Charlie Bird also lost a chance to confront the cretins in his films on Tom Crean. Given the recent murder of Constable Kerr, Bird should have made more of the murder of Crean's brother Cornelius, a married man, with 28 years service in the RIC, who was shot dead in Ballinaspittle in April 1920. And stressed the silence forced on the families of such brave men.
But since the recession began to really bite, RTE has put the public sector at the top of its taboo list. Pat Kenny, in particular, shows a lack of patience with people who talk about pay cuts. When Seanad aspirant James Coyle pledged to cut his own pay, Kenny cut him off sharply and told him it was a stunt.
This taboo about anything that might touch public sector pay -- and by extension RTE pay from Director General to programme presenters -- even extends to Kenny's stand-ins. This is how Myles Dungan prepped a panel for a discussion on public sector pay a few weeks ago:
"Do any of you go along -- start with you Shane -- with the neo-liberal notion that we have an under-achieving feather-bedded public service that's really to blame for our current predicament, it wasn't the bankers and developers, it was the greedy public servants?"
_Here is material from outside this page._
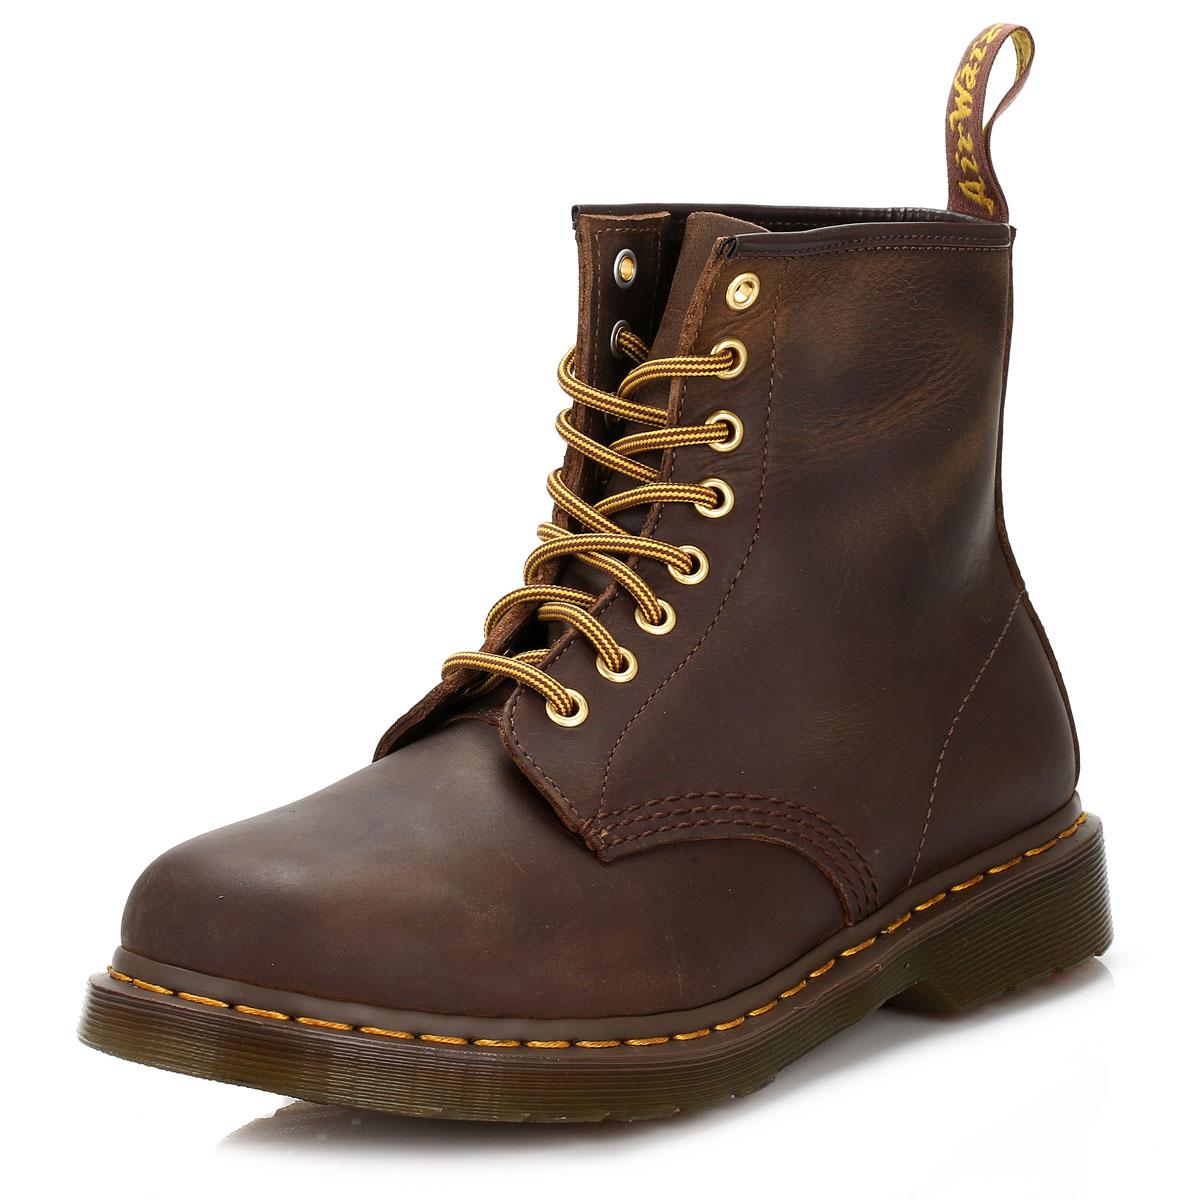 dc0617da1f0b1 Details about Dr. Martens 1460 Crazy Horse Aztec Brown Leather Ankle Boots  Unisex Winter Shoes

Two questions. First, if RTE presenters can use Trotty phrases like "neo- liberal" to describe the majority of people who believe public sector pay needs the same scrutiny as bankers' bonuses, what will RTE reporting be like when the lead really begins to fly from the public sector unions? Second, who do RTE presenters think they are? Admittedly this is a rhetorical question. RTE presenters now regularly avoid areas which might rebound on them. Pat Kenny's reluctance to probe public sector pay mirrors Ryan Tubridy's reluctance to ask awkward questions about private lives.
This is an abuse of power. The public pays RTE to be a public service broadcaster. The public does not pay RTE to protect its position as part of the public sector. And the protective way RTE reports public sector reform is a privatising of the public interest.
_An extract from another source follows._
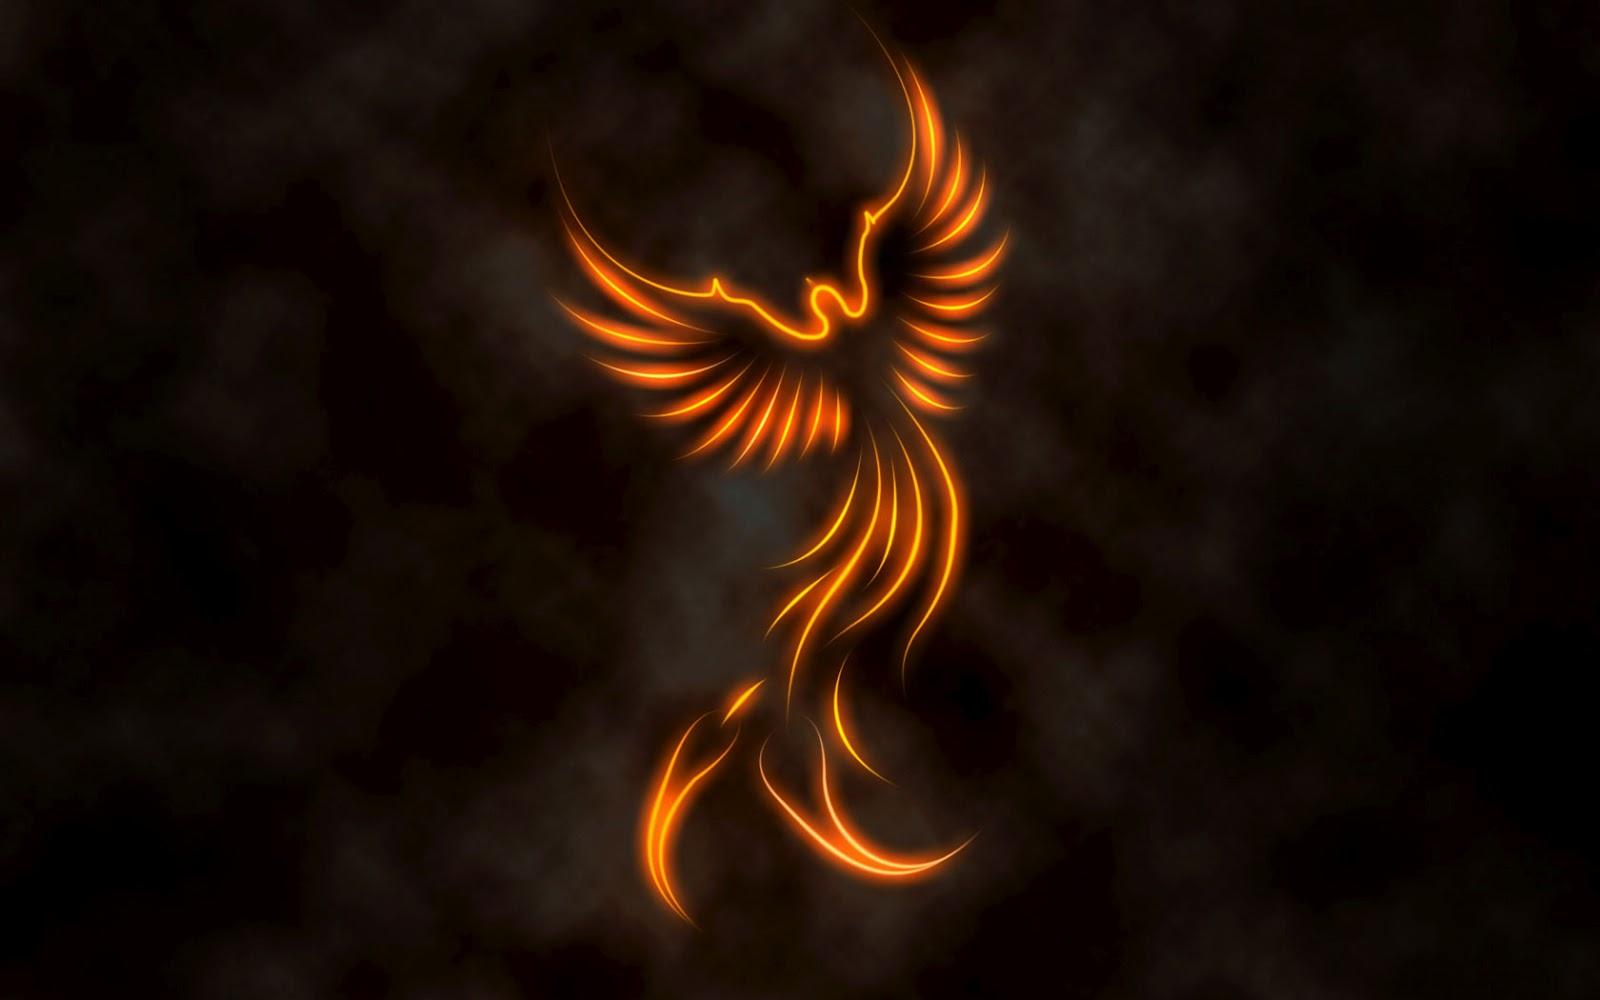 Dark Phoenix Logo The Phoenix Report Why

Given the perceived conflict when RTE reports on a public sector of which it is a part, the Director General should spend more time in the diligent monitoring of bias than he does on digital distractions.
As the Fowler Commission on Broadcasting said: "Broadcasting is about content: the rest is housekeeping."
So far RTE has used the banking scandals to distract attention from its own pay packets. Broadcasters waxed angry about Colm Doherty's disgusting €3m pension pay-off but failed to follow up by showing that a minister who retires after 10 years and gets 60 per cent of his salary would need more than €3m to fund that pension in the private sector.
This desire not to draw attention to their own fat cattery explains why RTE is giving the Government a soft ride on the public sector. But this does Fine Gael no favours. Lacking a lethal opponent, Fine Gael has begun to believe that it is loved to bits.
Accordingly, instead of taking Machiavelli's advice to do all the dirty jobs on day one -- as David Cameron did by taking on the public sector unions -- Fine Gael is dawdling away the few days when it can get away with anything.
Fine Gael should have started its term of office with a massive cut in the pay of senior State and semi-State bosses. And forced those who resisted to face the stress of a long legal war with the State. That's one bill the public would have no problem paying.
Why is Fine Gael dragging its feet? For the same reason people refused to believe the property bubble would burst. Thanks to RTE's failure to put them under pressure, Fine Gael has foolishly begun to believe the current phoney peace is permanent.
Although it pains me to admit it, Labour ministers have shown more bottle than Fine Gael in facing up to the problem of the public finances. And if they continue on this course, they will displace Fine Gael as the future preferred party of middle Ireland. Burke, as always, was on the ball.